ISBN: 978-3-85371-895-7(ISBN der gedruckten Ausgabe: 978-3-85371-496-6)

Coverfoto: Timon Studler, unsplash.com

Der Promedia Verlag im Internet: www.mediashop.atwww.verlag-promedia.de

Inhaltsverzeichnis
Vorwort
Einleitung: »Wir wollen unsere Freiheit, und wir wollen sie jetzt«
I. Historischer Rückblick (1948−1967)
II. Besatzung zwischen Juni-Krieg und Erster Intifada (1967−1987)
III. Erste Intifada und Oslo: 1987−2004
IV. Die Wahlen 2004−2006
V. Israels langer Krieg gegen Gaza: 2006−2021
Schluss
Bibliographie

Die Autorin

Helga Baumgarten, geboren 1947 in Stuttgart, studierte Geschichte, Politik und Orientalistik an den Universitäten Tübingen, New York, London, Beirut und Berlin. Von 1993 bis 2020 lehrte sie Politikwissenschaft an der Universität Birzeit, wo sie u. a. das Master-Programm »Democracy and Human Rights« leitete und bis heute Doktorarbeiten betreut.

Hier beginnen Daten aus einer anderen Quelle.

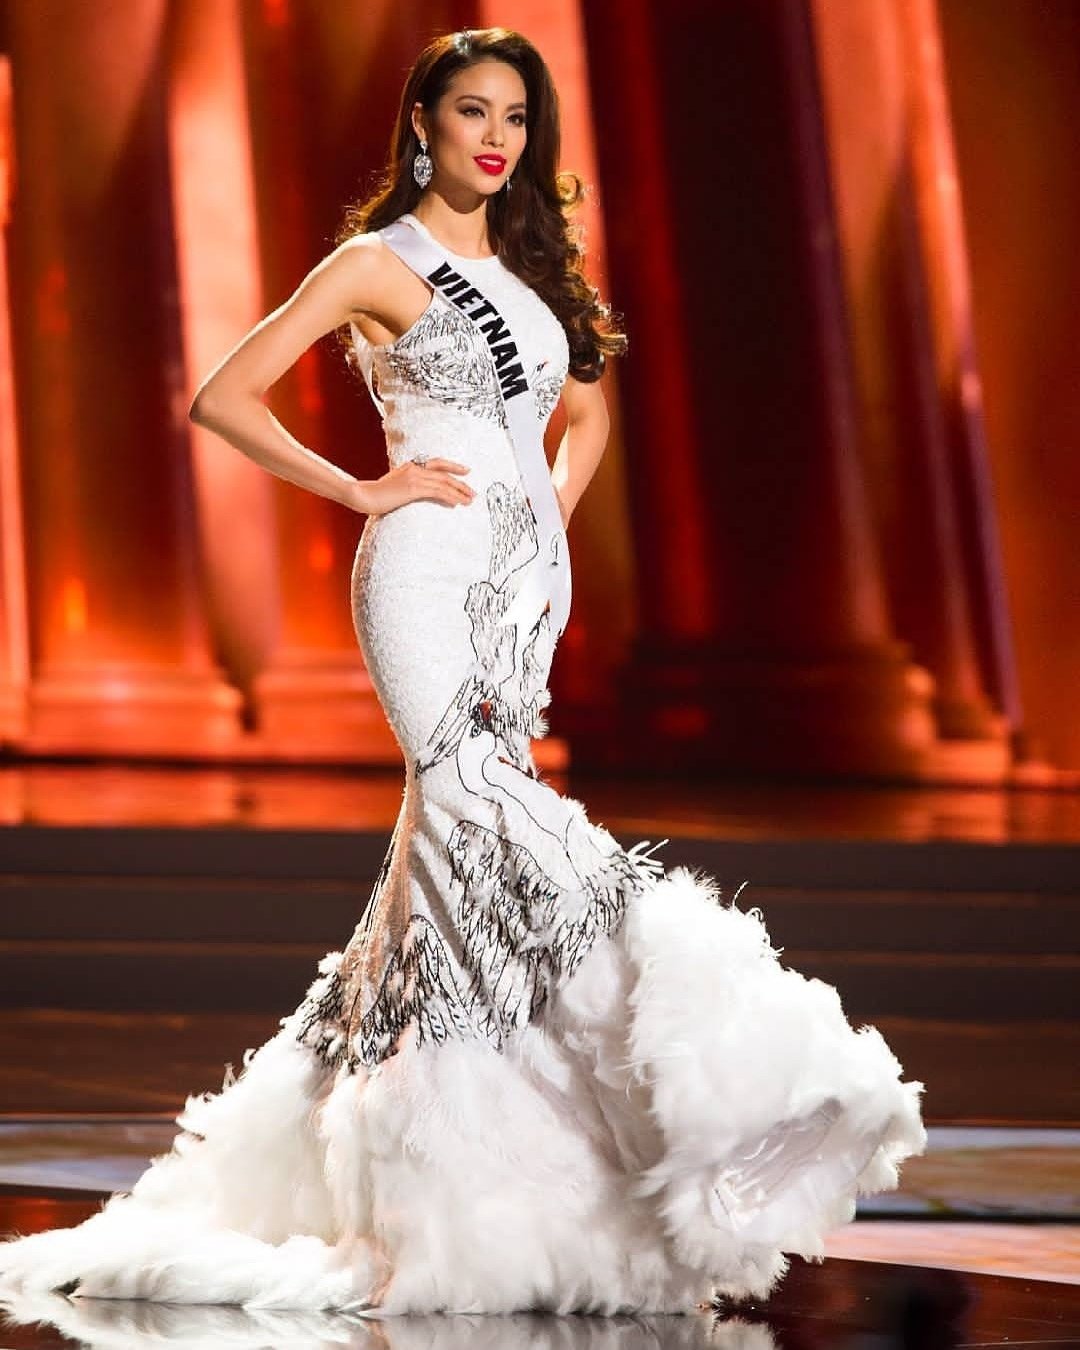 PHOTO RECAP: Miss Universe 2015 coronation night

Sie hat international zum Nahostkonflikt, zum palästinensischen Nationalismus und zum Politischen Islam publiziert, unter anderem ihre klassische Arbeit zur palästinensischen Nationalbewegung, »Palästina. Befreiung in den Staat« (Suhrkamp 1991) sowie ihre Untersuchung zum politischen Islam in Palästina, »Hamas« (Diederichs 2006).

 

Im Gedenken an die Opfer der israelischen Kriege gegen Gaza Für die Kinder von Beit Hanun bis Rafah

Vorwort

Jedes Buch hat seine Geschichte. Dieses ist entstanden als Reaktion auf den palästinensischen Widerstand gegen Besatzungsgewalt und ethnische Säuberung in Ost-Jerusalem sowie auf den Krieg Israels gegen die Menschen im Gaza-Streifen.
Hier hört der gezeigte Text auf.